After a scandalous affair, a love child is placed with an eccentric, well-connected Hollywood family, his origins meticulously concealed by a notorious lawyer.
Determined to protect the secret, his adoptive mother enlists powerful allies—including a television icon—to ensure he never uncovers the truth. But as the boy matures, he begins to sense something is amiss. Driven by a longing for love and belonging, he embarks on a courageous quest to uncover his past, ultimately revealing a story that powerful figures fought to keep buried forever.
With vivid storytelling and raw honesty, this book explores identity, belonging, and the resilience it takes to confront hidden truths and find redemption.
Assessment:
Plot: Moscatel crafts a deeply engaging story that will undoubtedly resonate with readers.
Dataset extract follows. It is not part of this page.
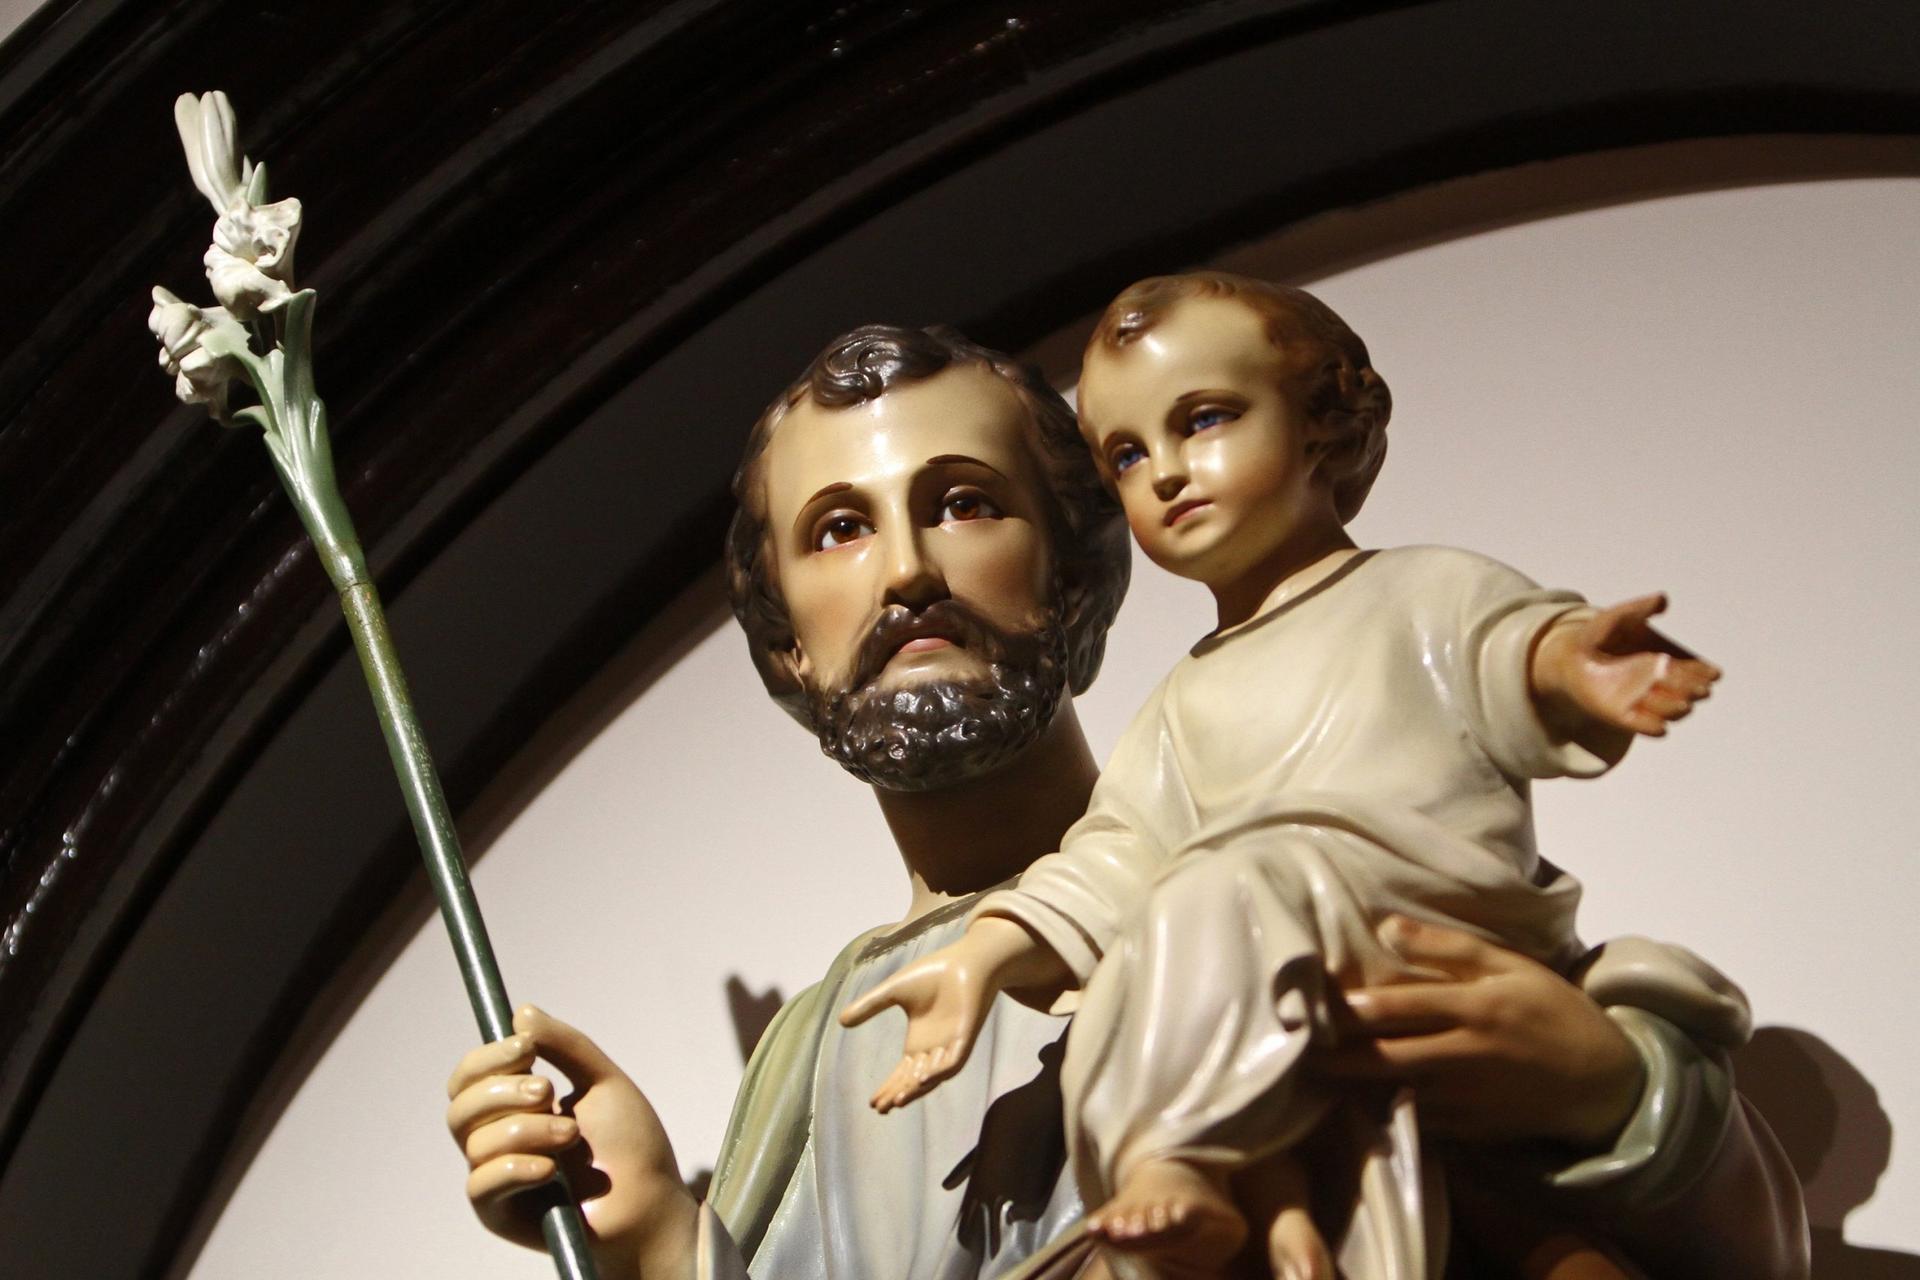 Josephite order elated by year dedicated to St. Joseph proclaimed by pope

The author unravels the narrative and family secrets uncovered in a well-paced and entertaining manner.
Prose: Well-written with wit and honesty interspersed throughout, Moscatel comes to terms with his upbringing, his own identity, and his family's past. Through careful diction, his thoughts transform his feelings about his predicament.
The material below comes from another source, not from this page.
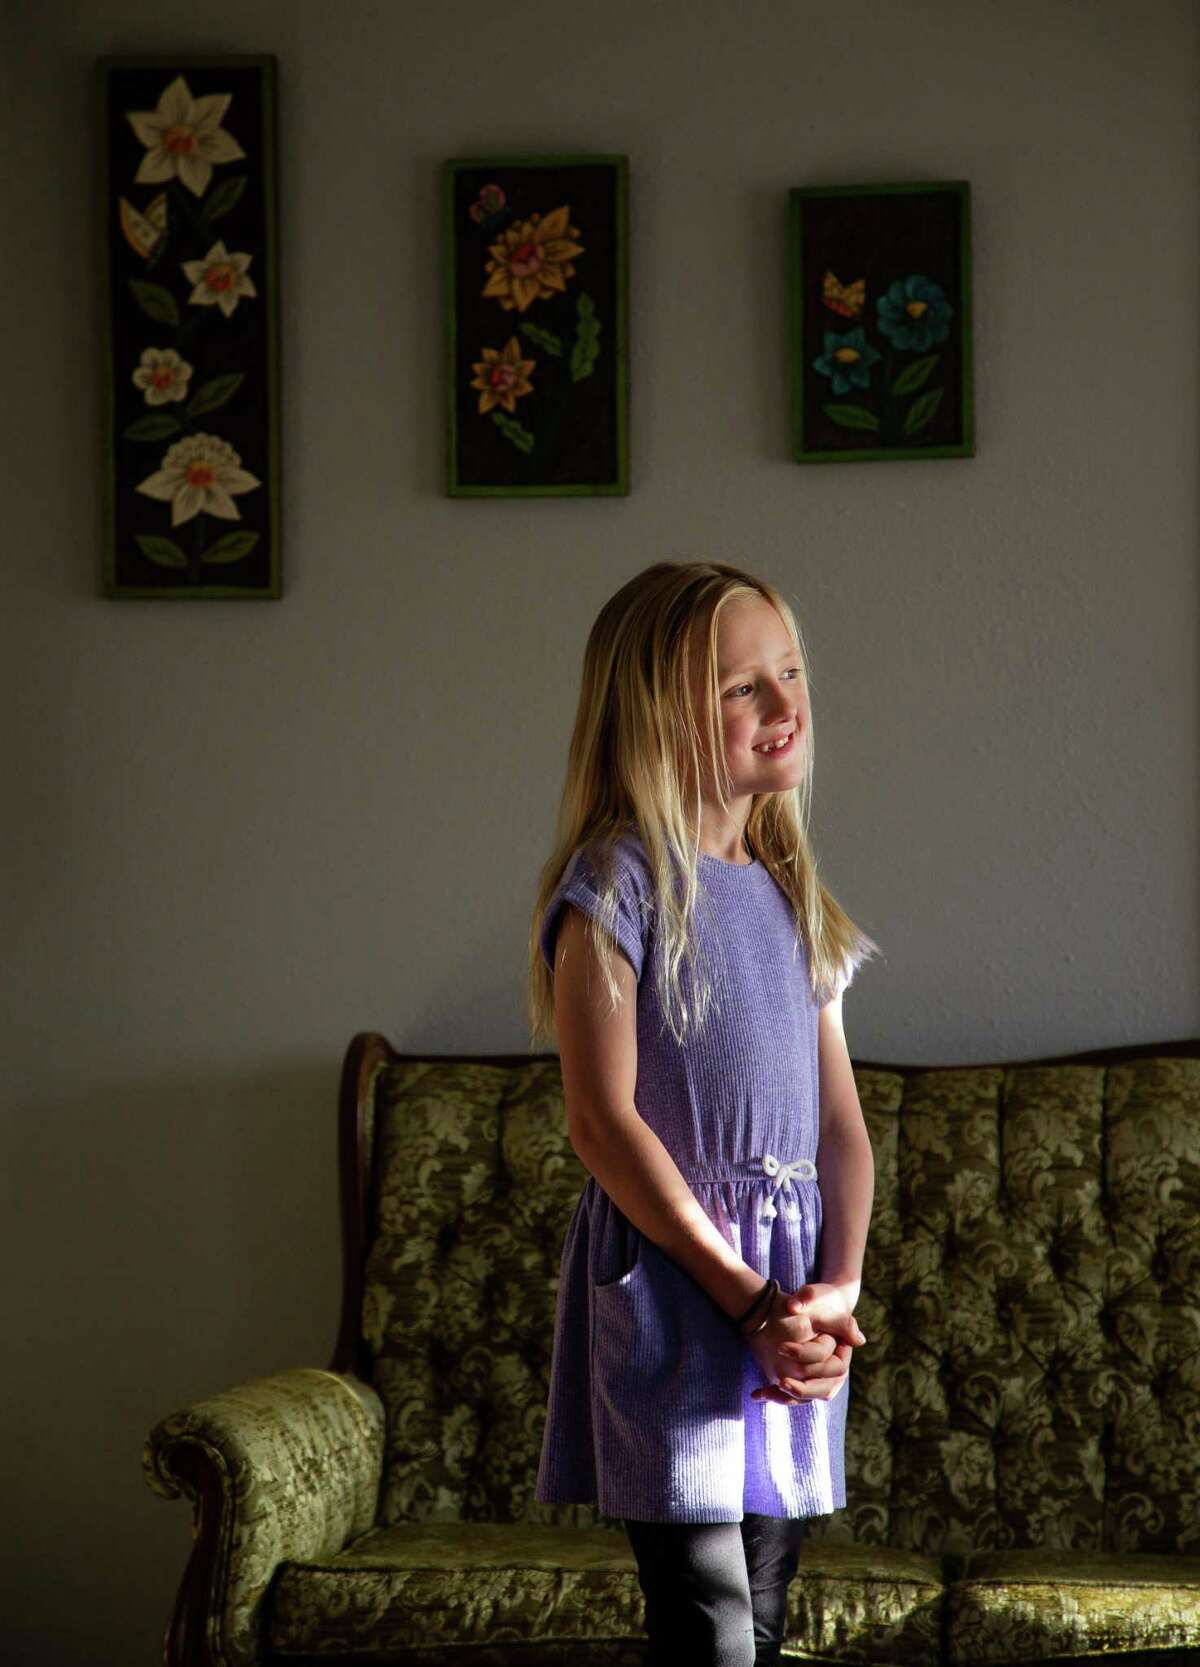 Sunny Bryant, 8, poses for a photograph inside her family’s home on Monday, Feb. 28, 2022, in Houston. Sunny and her parents, who have been outspoken for the rights of transgender children, have been invited as honored guests of U.S. Rep. Sylvia Garcia to virtually attend President Joe Biden's second State of the Union address.

Originality: Moscatel has a truly unique story to tell and does so with refreshing candor and emotional integrity.
Character/Execution: Readers who may be seeking their own answers about tangled family history will find much to appreciate in this narrative. As a character in his own story, Moscatel's emotional and psychological journey is significant and authentically portrayed.
Date Submitted: December 20, 2022
In THE BASTARD OF BEVERLY HILLS, Rafael Moscatel tells an amazing story about fighting his demons and dealing with lies, loss and rejection, while growing up in Los Angeles, the City of Angels. His journey evokes a rollercoaster of emotions, from admiration to laughter, to a deep feeling of empathy and comradery. His story is compelling, entertaining and inspiring, a beacon of hope for those lost in the darkness of the human condition.
Moscatel recalls living among the famous—and living with a secret—in this memoir.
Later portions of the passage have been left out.